Big show, big crowds, lotsa vendors, great food & entertainment........ BIG DISSAPOINTMENT! Saturday paid $100 for a booth, $10 for parking & made $42 profit in 9 hours! :shock: 
I have done the farmers market all last spring, summer & fall & never made less than $100 & most often made average of $300 & made as much as $450 in 4 hours every day that I was there so.
 Most of the vendors at this show are HOT AZ FISH GRease, people paid $500- $4000 for booths at this show & the general consensus is NO ONE IS MAKING MONEY.
 is it a sign of the times?
theres alot of imported junk there, cheap jewelry , cell phone covers, ugly fake handbags.
I think the crowd that buys that stuff doesn't appreciate handmade soap.
In the future I'll stick to the markets & small craft shows & bazaars.
Going back today but no expecting anything different :x


----------



## Hazel (Oct 23, 2011)

I'm so sorry to here your first day was bad. It does sound like if there are a lot of cheapo imported stuff for sale; then it's not a good show for handmade.

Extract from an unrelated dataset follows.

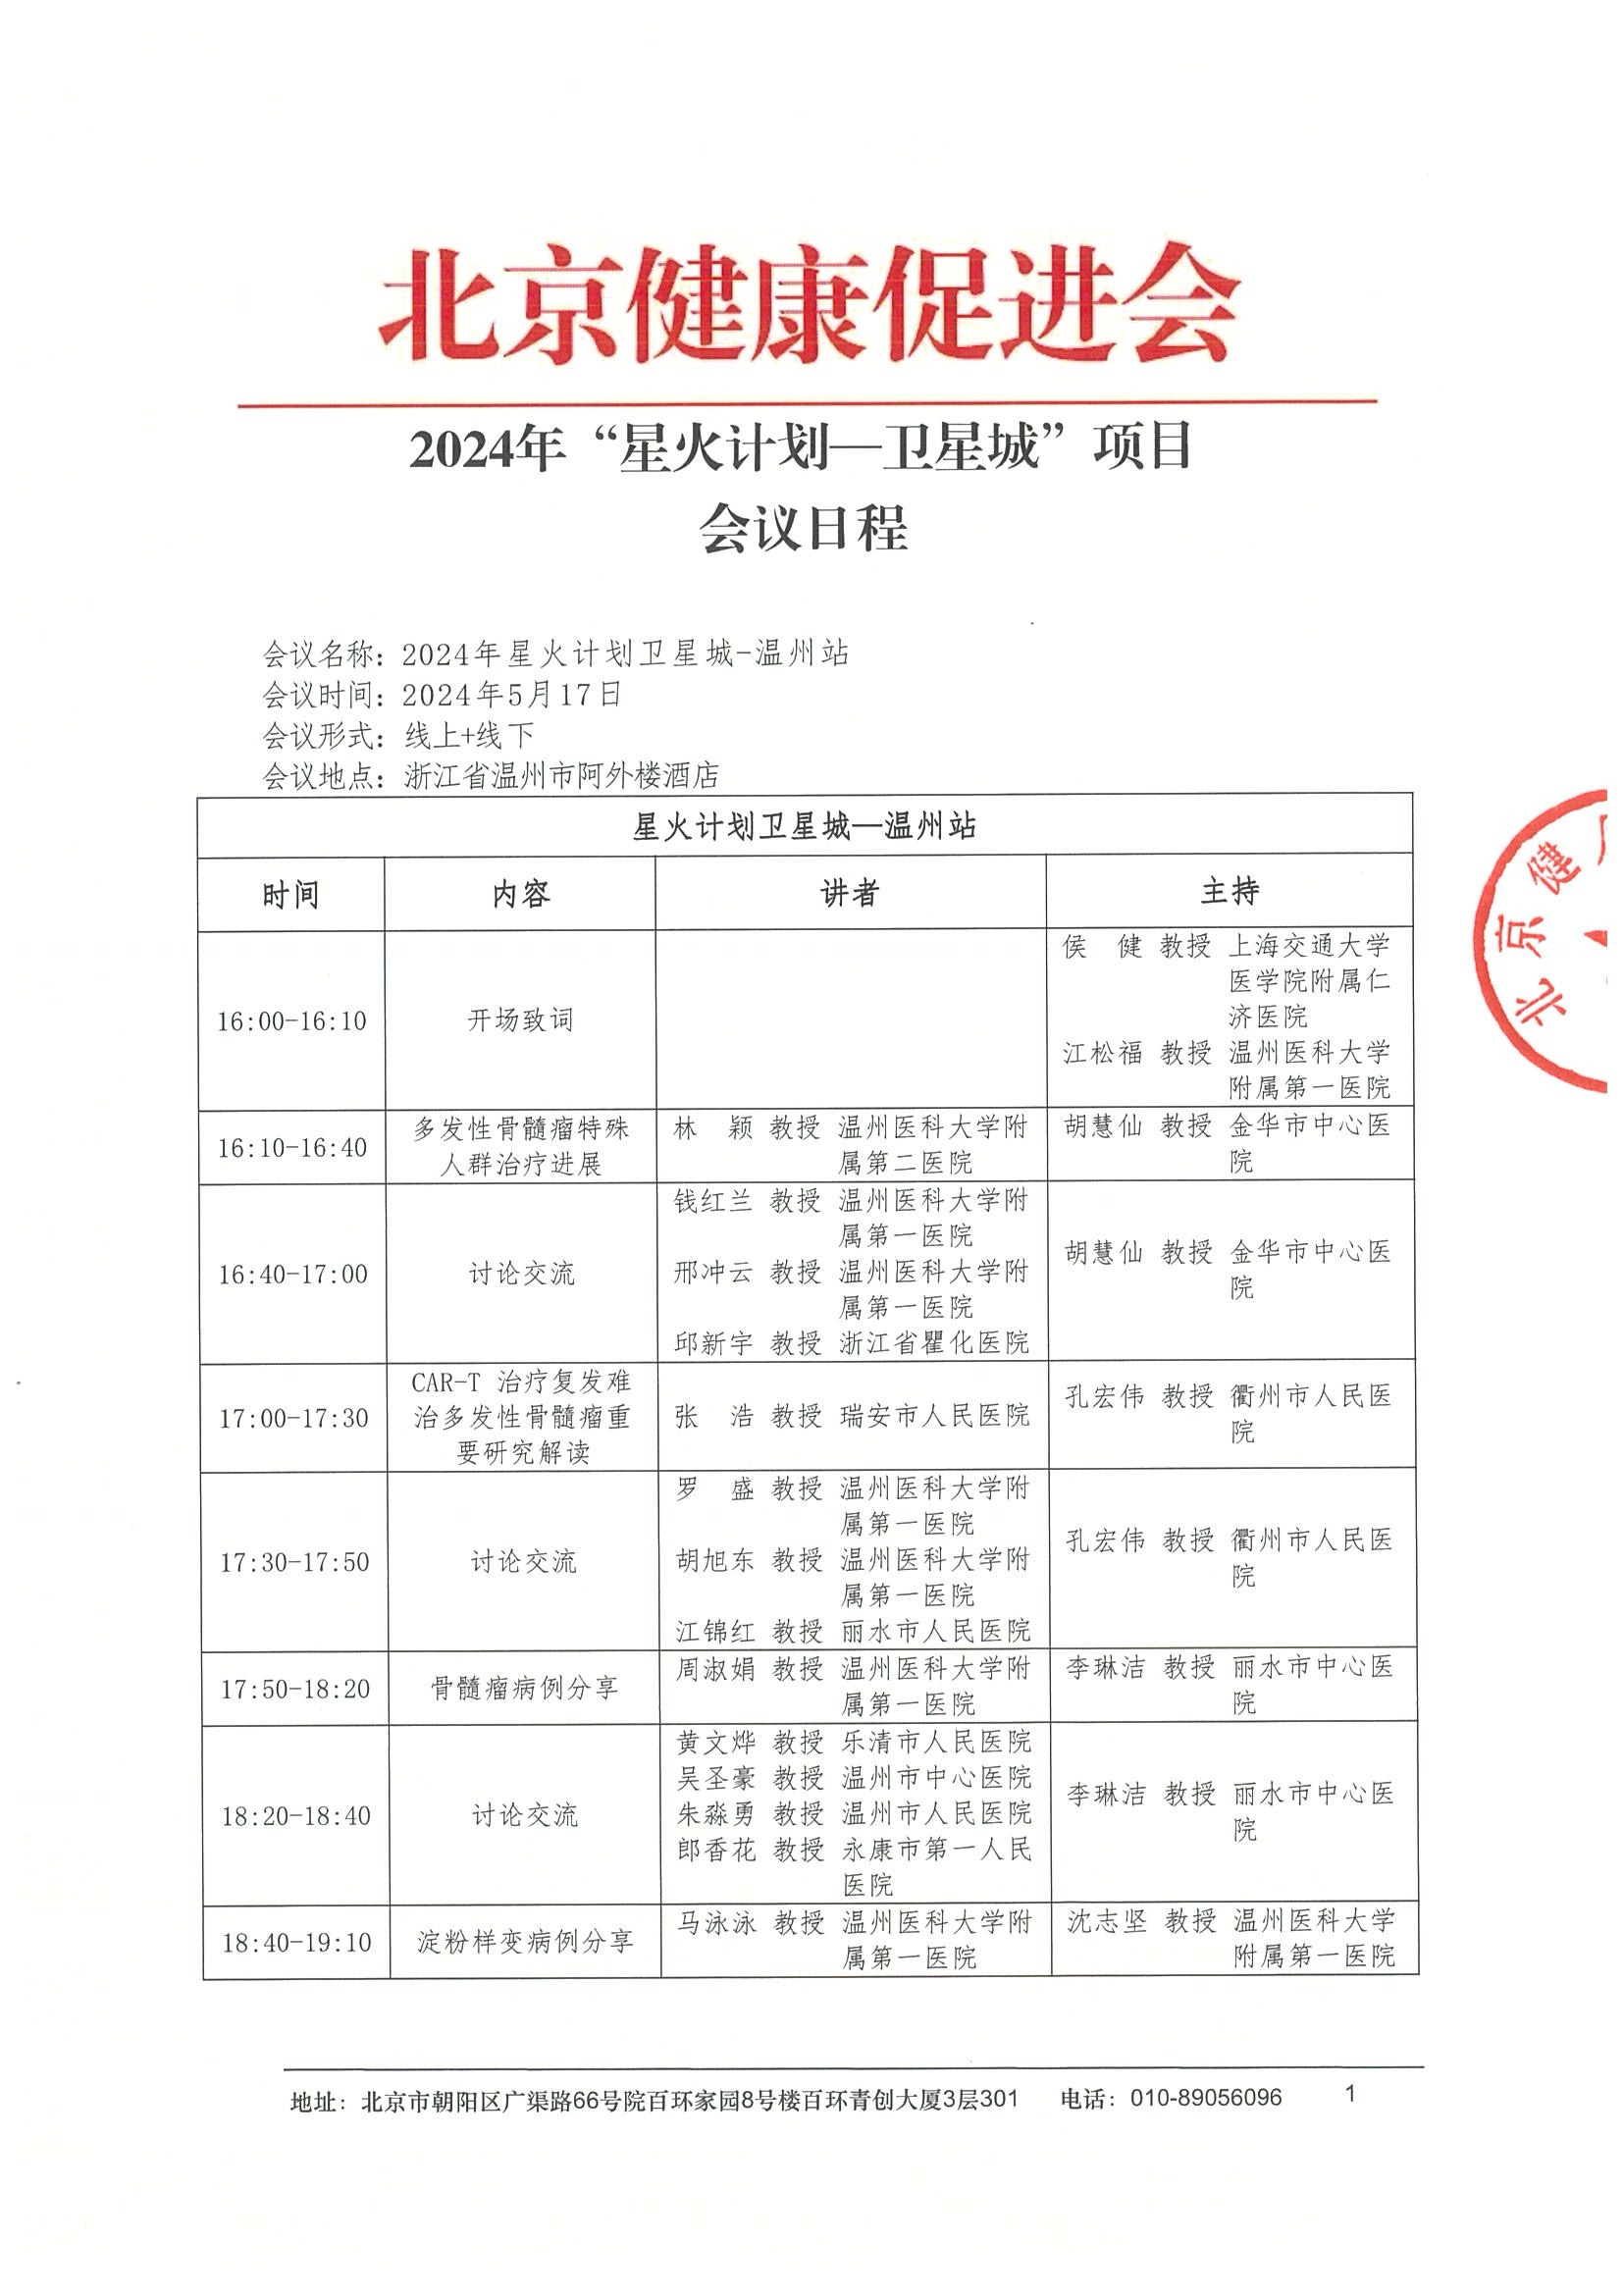 日程-2024“星火计划卫星城-温州站”项目.jpeg

I hope today is better for you.


----------



## opalgirl (Oct 23, 2011)

So sorry that happened.  I too, do much better at smaller shows and farmers market.  I get so tired of these show organizers just letting anyone into a "craft" show.  I always ask how many direct sale type people are going to be there before I commit to a show.  Better luck next time.


----------



## Bigmoose (Oct 24, 2011)

Last year the most expensive show that I did was $300 for 2 days.  I sold over $1000.00 the first day and the second day was not to bad either.  I can't wait to go back this year.  Not all big shows are bad ones.

Bruce


----------



## Moonblossom (Oct 25, 2011)

I never did make it up there, DH wouldn't get out of bed early enough   :x  I'm sorry it was such a bad weekend good luck next time.


----------



## nattynoo (Oct 25, 2011)




----------



## timley (Jan 2, 2012)

it's a shame but I think you have to look at the price of the items your selling when it comes to space fees for fairs and markets. I went to 2 before christmas this year selling candles and tarts, along with burners. Both shows cost me $20 dollars for the space for a 6 hour event. They were both very small in a small urban community with poor turnout, but I managed to collect approx. $400 both shows, granite that wasn't all profit once you subtract my overhead for supplies but I was pleased, most of those that attended did purchase something from me. Now my point is my items sold for $1 to $16 each so I sold quite a bit to collect this amount of money, I looked into sugarloaf and they were quite expensive with 500 vendors, can't even carry what I would need to sell to make a profit! I am now making soap as well and looking forward to the upcoming season, I live in virginia so it starts up in March and I will stick with venues with fewer vendors and smaller both rental. I think you make out better and have a much better time.


----------